A mortalidade hospitalar geral em pacientes com IAMCSST submetidos à ICP primária varia entre 3,4% e 5,9%, mas aumenta dramaticamente para 15,7% em pacientes tratados conservadoramente e pode exceder 30% em pacientes com choque cardiogênico.

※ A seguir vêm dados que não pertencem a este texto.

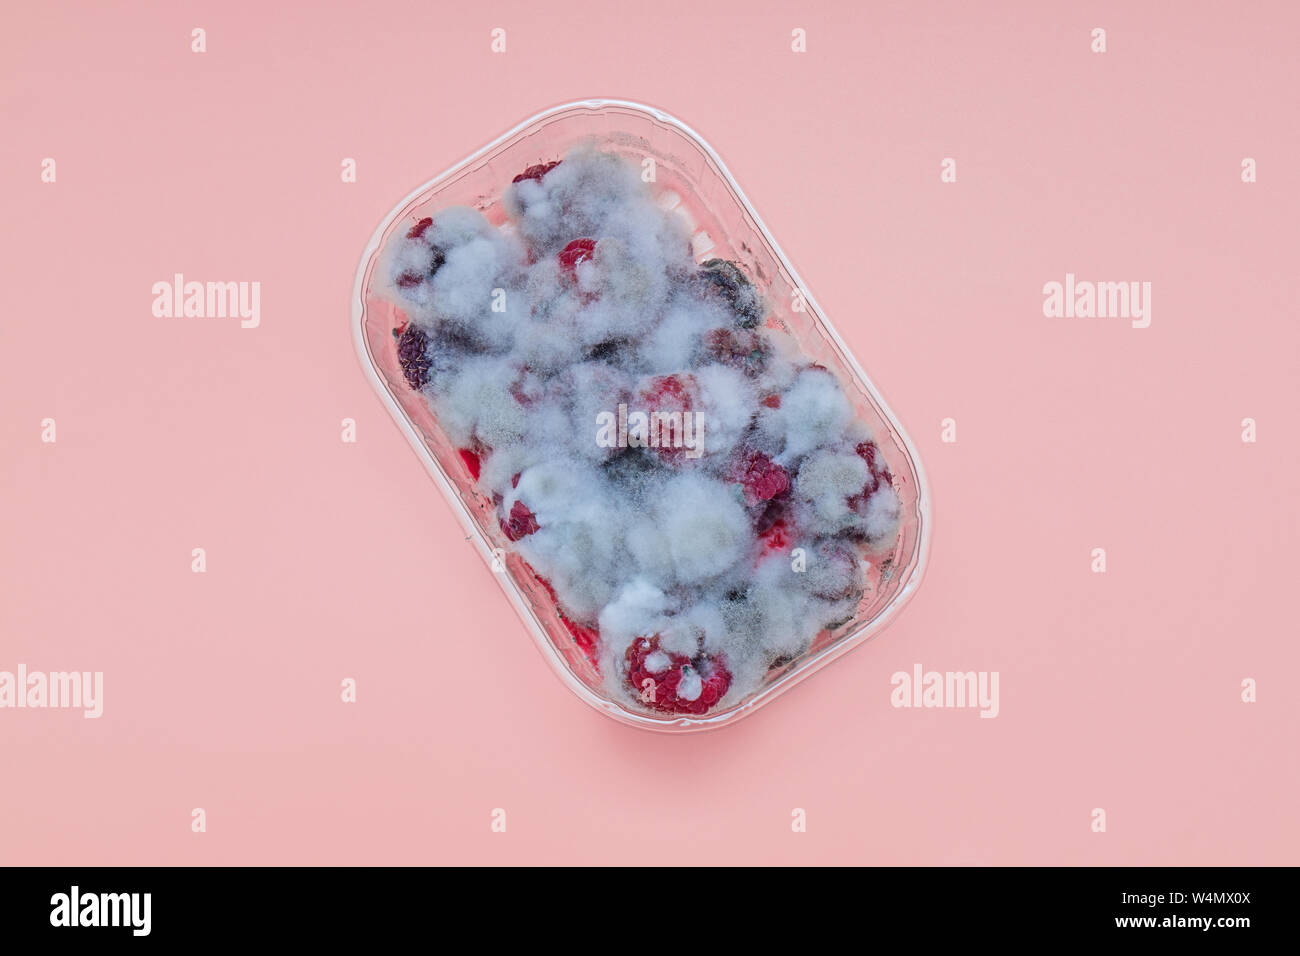 Closeup of rotten moldy raspberry in plastic box isolated on pink background. Damaged ripe berry with Botrytis Cinerea mold, top view Stock Photo

Mortalidade Geral em ICP Primária

  • A mortalidade hospitalar em pacientes com IAMCSST tratados com ICP primária é de aproximadamente 4,1% a 5,9% em centros de alto volume 1, 2, 3
  • Em contraste, pacientes tratados conservadoramente (sem reperfusão ou apenas com terapia médica) apresentam mortalidade hospitalar de 15,7% 1
  • A mortalidade é significativamente menor em hospitais de alto volume (>3 procedimentos/mês) com 3,4% comparado a hospitais de baixo volume (<1 procedimento/mês) com 6,2% 4

Grupos de Alto Risco e Mortalidade Específica

Pacientes com Idade >80 Anos

  • Pacientes idosos (>65 anos) apresentam mortalidade hospitalar aproximadamente 2 vezes maior (OR: 2; IC 95%: 1,5-3,2) após ajuste multivariado 1
  • Em pacientes >75 anos com choque cardiogênico, 56% sobrevivem à alta hospitalar, e destes, 75% estão vivos em 1 ano 4
  • A idade é o preditor independente mais forte de mortalidade em 1 ano (OR: 1; IC 95%: 1,019-1,188) 5

Doença Renal Crônica

  • Embora não especificamente quantificada nos estudos fornecidos, a doença renal crônica é reconhecida como fator de risco que aumenta complicações hemorrágicas e mortalidade, exigindo ajustes cuidadosos das doses de terapias antitrombóticas 6

Disfunção Sistólica Grave do Ventrículo Esquerdo (FEVE <35-40%)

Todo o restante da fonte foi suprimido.